In summary the GPS wants to be able to get from the archive:

i) extinction (A(J), A(H), A(K)) for 3 colour detections

ii) solution(s) for true colours, dereddened apparent magnitude, sp. type, luminosity class and distance modulus, with probabilities and confidence attached.

iii) automatic update when multi-epoch data arrives - faint sources with proper motion being confirmed as dwarfs rather than giants.

Discussion:

The generalised querying enabled with SQL makes possible much of GPS 1-6 (for example, new columns of data can be generated from existing columns given a mathematically-expressed algorithm). For the purposes of the WSA, we undertake to work with the UKIDSS Working Groups to apply any supplied algorithm to catalogue tables to store required quantities. Ultimately, we aspire to making available an automatic system of upload of user-supplied codes/algorithms to enable general processing of catalogues and/or images.


Galactic Clusters Survey (GCS):

Following U3:

a) select all candidate cluster members which are within X arcmins of a brighter candidate cluster member to search for the incidence of brown dwarfs as wide companions to higher mass objects.

e.g. I would see if there is a significant number of these, then perhaps use them to test the brown dwarf ejection/formation scenario - one could then examine the `primaries' to see if they were indeed binaries as this theory would indicate.

One might want to append something like:

b) For all candidate members derive offset stars/wavefront sensor stars for X spectrograph on Y telescope. Make finding charts for each object."

Discussion:

Again, we note the flexibility of SQL, which would enable part (a), and also given a list and a set of selection criteria for brightness and proximity of nearby guide stars, part (b).


Deep Extragalactic Survey (DXS):

DXS 1: "I have a catalogue..."

XMM, SWIRE, GALEX etc will all want to input a list of positions and spit out an id so we need a query tool that reads in:

position, 1sigma error radius and N for the number of 1sigma radii you want to search to

and returns:

UKIDSS source, offset, N 1sigma radii.

This catalogue importer MUST be flexible and allow a simple ascii table to be read in.

DXS 2: "Find QSOs..."

I suspect that most of the DXS interest will be in galaxies but we should be able to select on:

"FWHM"=stellar/unresolved .and. J-K>1.0

DXS 3: "Find EROs..."

The vast majority of the DXS work will be on the union of optical and UKIDSS data. This strikes me as the most difficult aspect to include in the archive. We must be able to import optical data into the system with a similar structure and then interogate them simultaneously to say:

R<26 .and. K<20.5 .and. non-stellar .and. R-K>5

Perhaps a folding into the UKIDSS data of the optical photometry is required (and vice-versa) where each UKIDSS source has a set of comparison magnitudes (2MASS, SDSS, CFHLS, VST etc) that we can query globally and are skipped if they aren't entered.

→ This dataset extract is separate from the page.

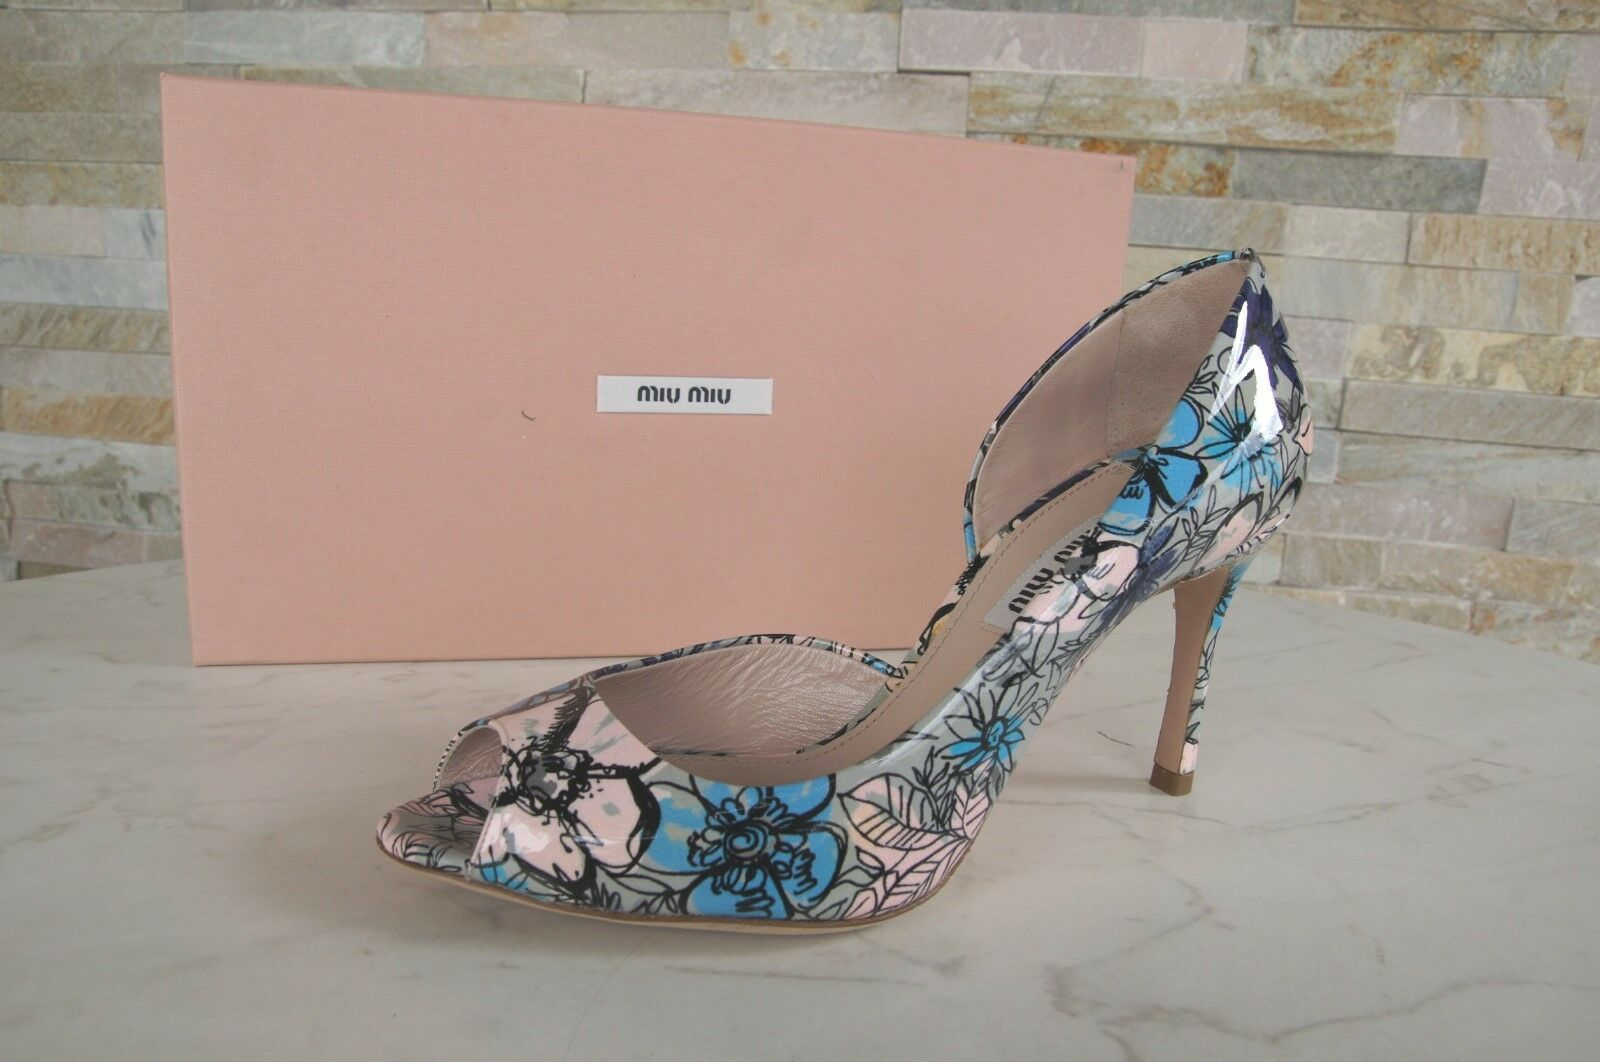 Miu Miu Prada Dimensione 36,5 Open  -Toes Peep -Toes Pumps scarpe Flowers New Precedentemente  sconto

DXS 4: "Find clusters...."

I suspect that this is by necessity an off-line process but will require the preselection of all the galaxies in a given area with some magnitude and colour cuts:

In a rectangular region X"xY" return:

non-stellar .and. K<20.5 .and. J-K>1.1

The important factor will be writing out such a vast query onto disk. The logistics of extracting large parts of the database is something that needs thought through now.

DXS 5: "Map me the source density..."

The current queries don't allow for the ability to select objects then display their surface density as a greyscale. This would be a really useful tool for looking for clusters or groups of similar objects but also for checking the completeness across large areas (i.e. take the faintest objects and see whether they are evenly distributed).

So the query would look like:

select non-stellar K>20.5 map 5x5deg with 10' pixels

The majority of the discussion about optical data is wrt to SDSS which is not appropriate to the DXS. We will need to bring the deeper optical data in as both pixel and catalogue form (ideally) so including this in the full design is vital in my view.

Discussion:

Clearly the issue of import of catalogue (and ideally pixel) data is open-ended. At this stage, in the design of the WSA we will undertake to ensure sufficient space is available for import of UKIDSS-supplied complementary imaging catalogues given sufficient information concerning their size; if this information is unavailable then this will be done on a best-efforts basis.


Ultra-Deep Survey (UDS):

No further usage examples were suggested.

Discussion:

Some discussion centred around the availability of space (and ultimately tools) for catalogue import; as stated above, WSA design will allow for this.


Miscellaneous:

1: Ability to semi-automatically prepare an ORAC-OT program based on the selection of objects from the survey.

2: Facility for ORAC load up of archive data at UKIRT while doing follow-up work would be useful.

Discussion:

WSA output formats will be standard, and remote server functionality will be provided to enable 2.